1° « Une CRISE pas comme les AUTRES :

« La crise ministérielle ouverte le 15 avril 1958, comme les 2 précédentes de la
législature (chute des gouvernements Mollet et Bourgès-Maunoury) a pour
responsables, sur le plan parlementaire, les députés modérés qui se dissocient
soudain de la politique gouvernementale dans le Maghreb. »

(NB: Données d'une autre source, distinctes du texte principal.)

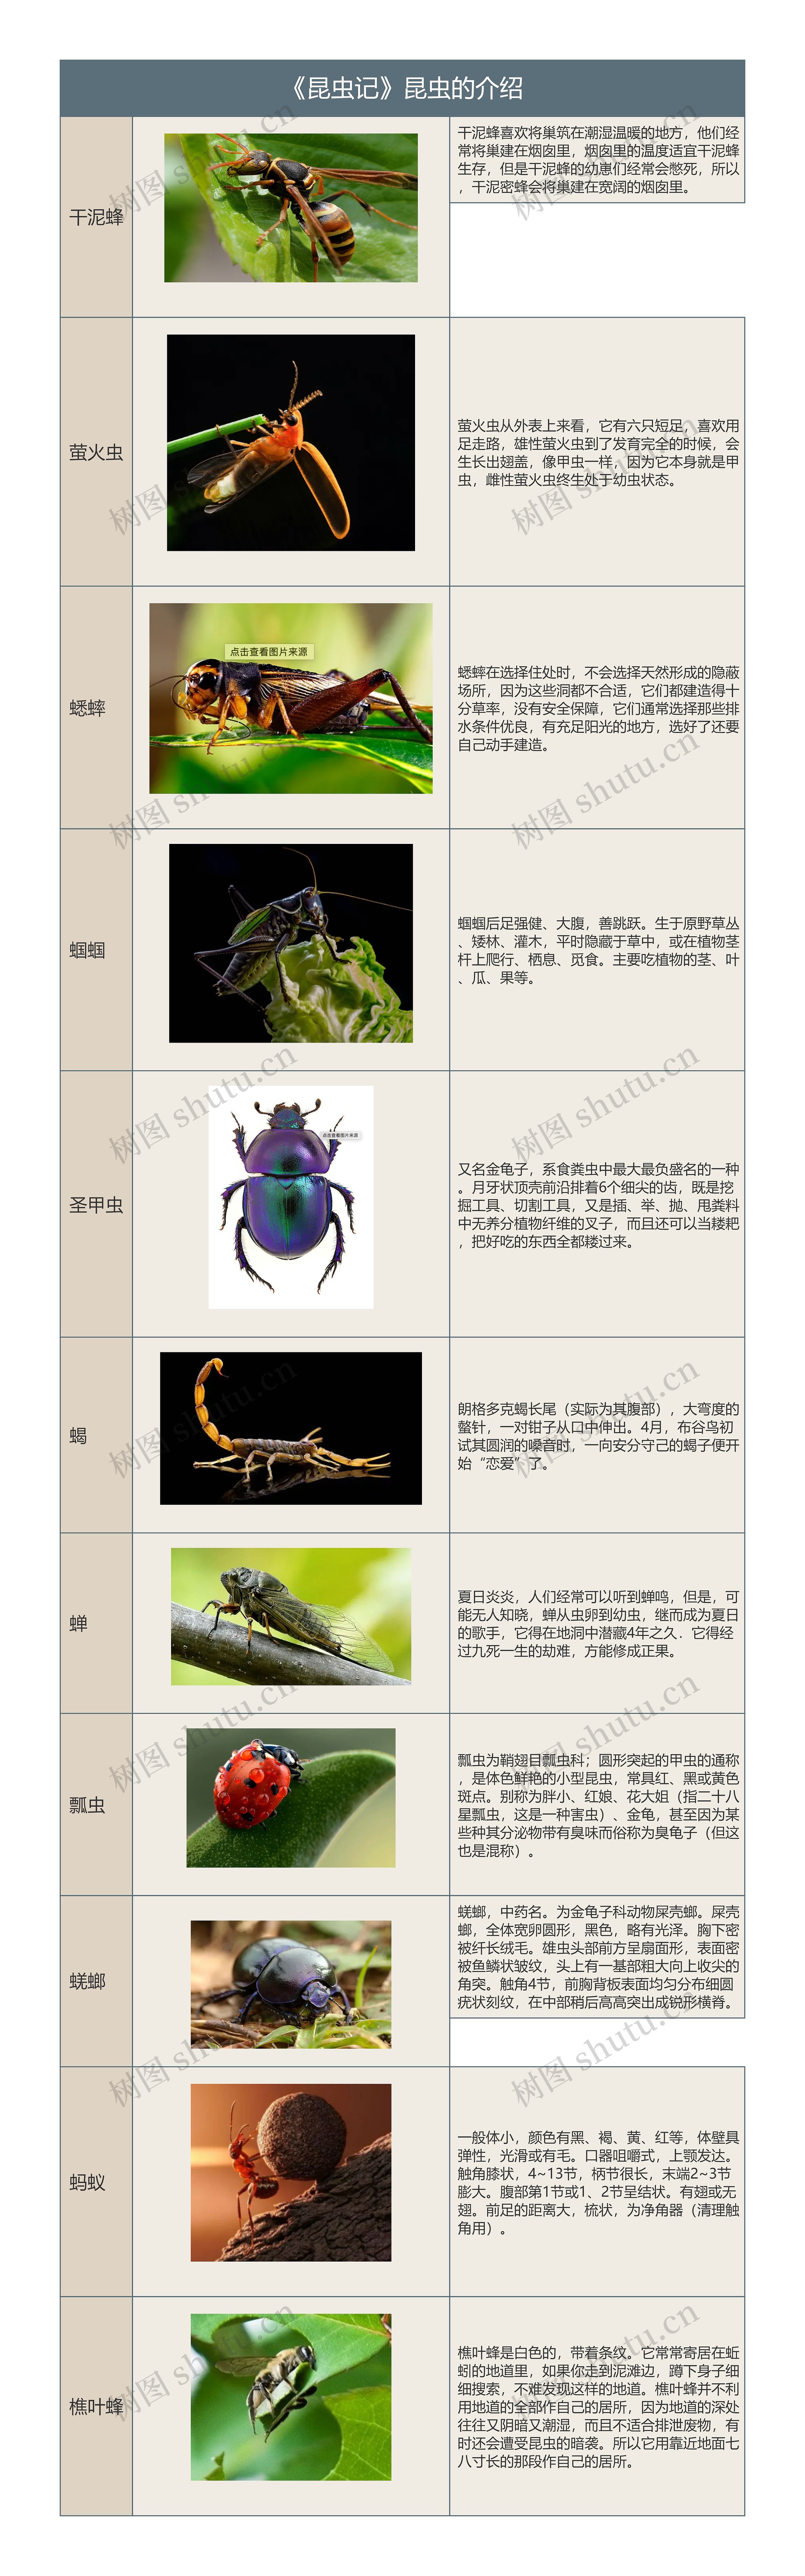 《昆虫记》中昆虫的介绍树形表格思维导图

« Dans les 2 cas précédents, les morceaux de la majorité se sont recollés, et la
même politique a été poursuivie. Cette fois, l’évènement est plus grave : Il ne
s’agit plus de manœuvres parlementaires, mais d’un grave problème politique. »
« La procédure des "Bons Offices" signifie, à plus ou moins longue échéance,
de l’intervention directe ou non du gouvernement américain dans l’affaire
algérienne, en faveur d’un compromis négocié. Washington essaie de se
raccrocher aux branches d’un accord avec les Bourgeoisie arabes, et la "France
colonialiste" empêche cet accord : Il convient de lui "forcer la main". »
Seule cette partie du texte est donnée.